The world's largest Bauhaus collection, housed in a building designed by Walter Gropius in 1964 and completed posthumously in Berlin-Tiergarten in 1979.
The Bauhaus-Archiv holds the world's largest collection of documents, objects and works relating to the Bauhaus school — the most influential design school of the twentieth century. The building that houses it has its own layered history: Walter Gropius designed it in 1964 for a site in Darmstadt that was never realised. After his death in 1969, the design was adapted for a sloping site beside the Landwehrkanal in Berlin-Tiergarten by architect Alex Cvijanovic, and the building finally opened in 1979.
Gropius's design is recognisably late Bauhaus in its formal language: white rendered concrete, the building's profile defined by a sequence of sawtooth rooflight sheds that give the long section its distinctive silhouette. The shed roofs admit north light into the galleries — a practical solution that also gives the building its most characteristic exterior feature. The relationship between the stepped massing and the sloping garden that surrounds it is carefully handled, the building anchored to its site despite the late modification of context.

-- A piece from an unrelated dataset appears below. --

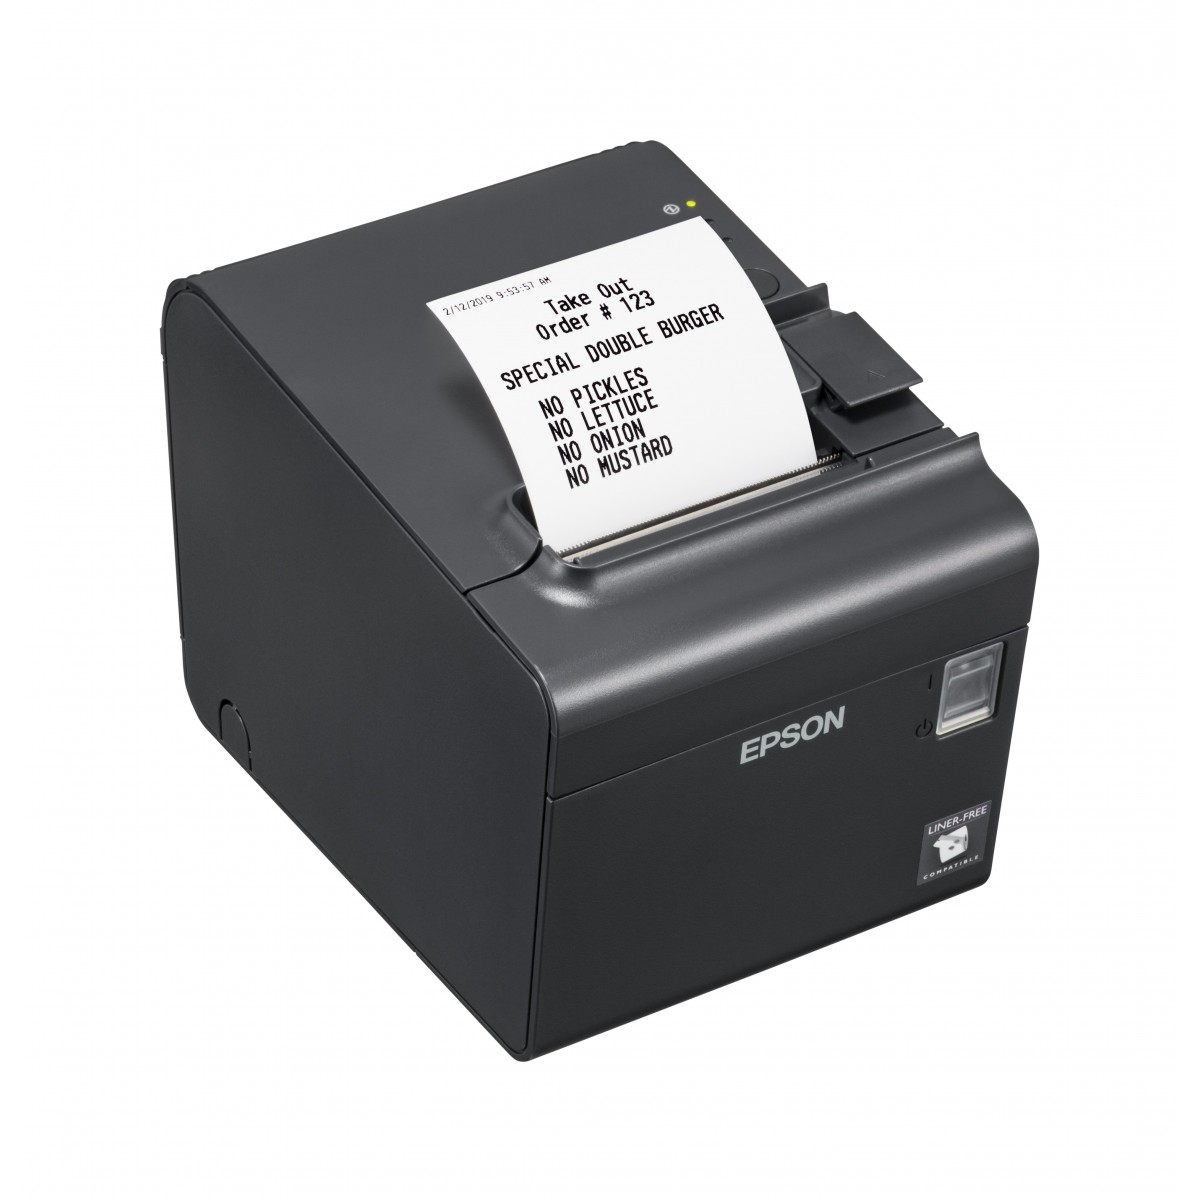 Epson TM-L90LF (681) - Thermal - POS printer - 203 x 203 DPI - 170 mm-sec - 10.2 cm - Wired

The permanent collection spans all Bauhaus workshops and masters: furniture by Marcel Breuer, metalwork from the Dessau workshops, typography, weaving, ceramics, photography and stage design, as well as a significant archive of drawings, letters and photographs. The density of material is exceptional — this is not a museum of reconstructions but of original objects, many of them fragile and rarely displayed.
Note: the building has been undergoing expansion works; check opening status before visiting. The new extension by Staab Architekten, when complete, will more than double the exhibition space.